▶ _EXERCISE OBJECTIVE_: Return exactly these lines and no others: the one containing "Lost-wax casting and embedding of stones." and all that follow it to the end of the listing below.

▶ _GIVEN RECORDS_:
- - -
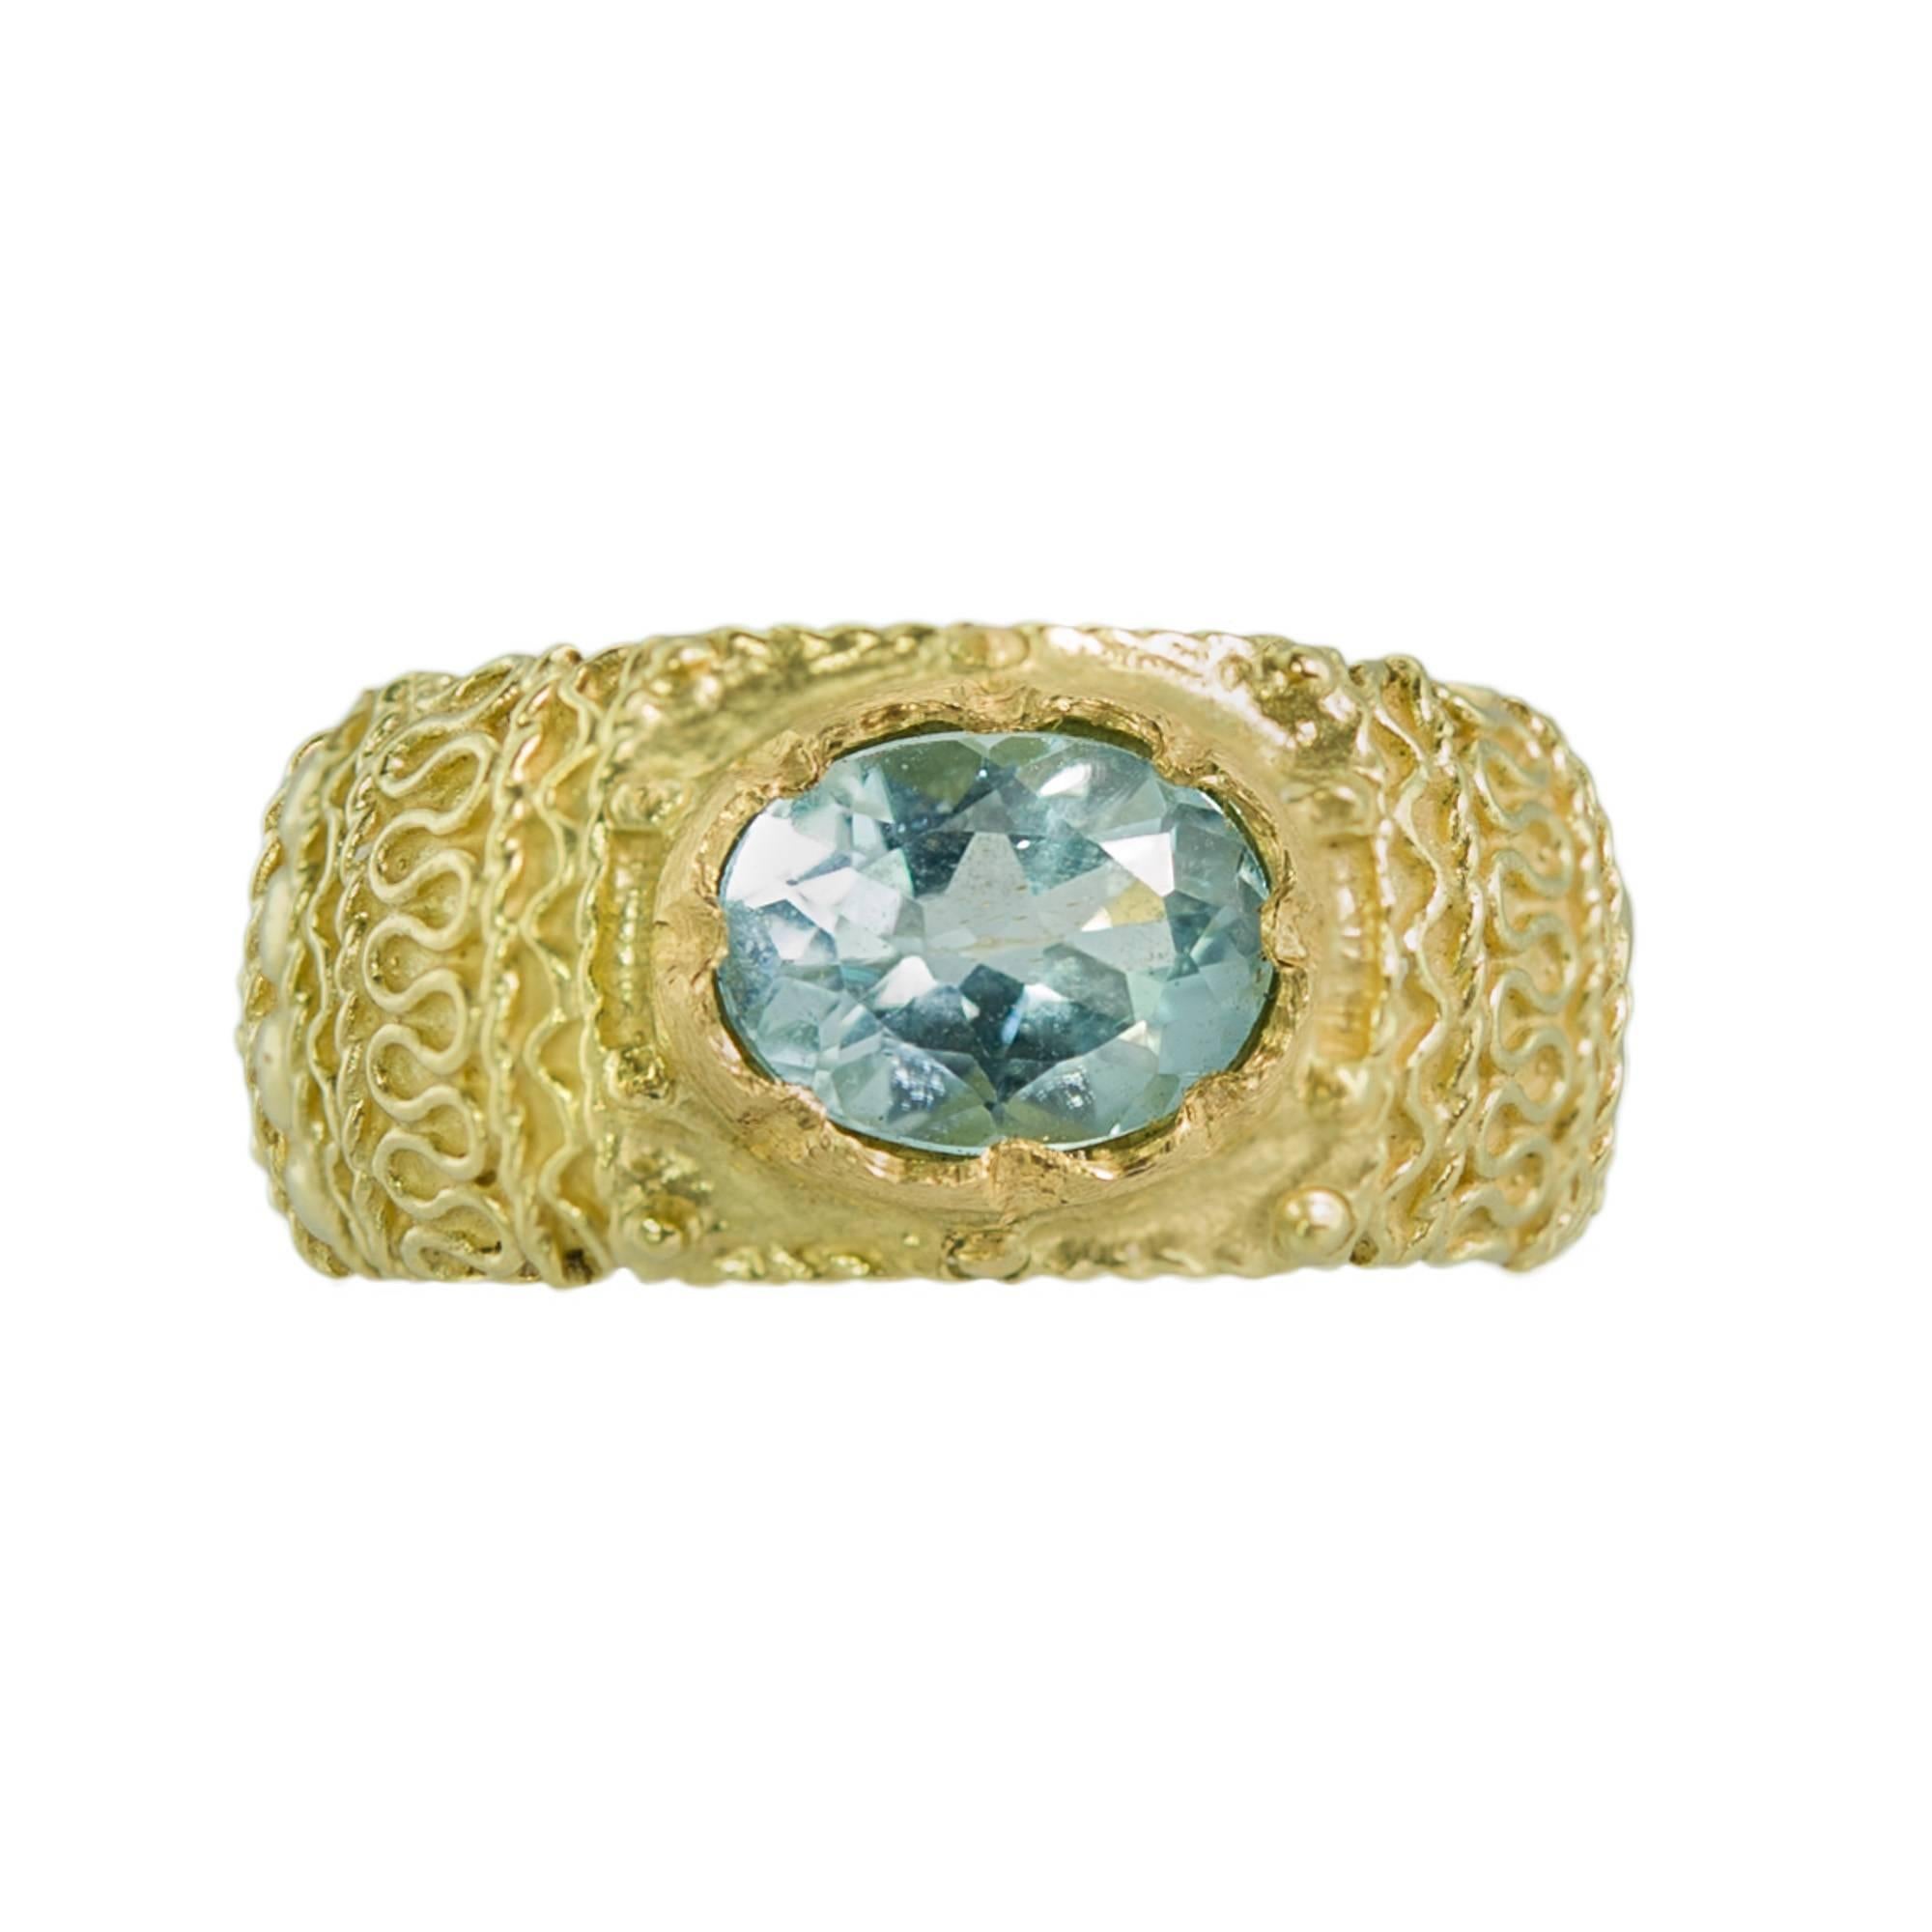 18K gold ring and blue topaz.
Band with crescents and knurling, with the stone at center.
Lost-wax casting and embedding of stones.
Possible engraving at no extra cost.
Handmade.
- - -
▶ _RESULT_:
Lost-wax casting and embedding of stones.
Possible engraving at no extra cost.
Handmade.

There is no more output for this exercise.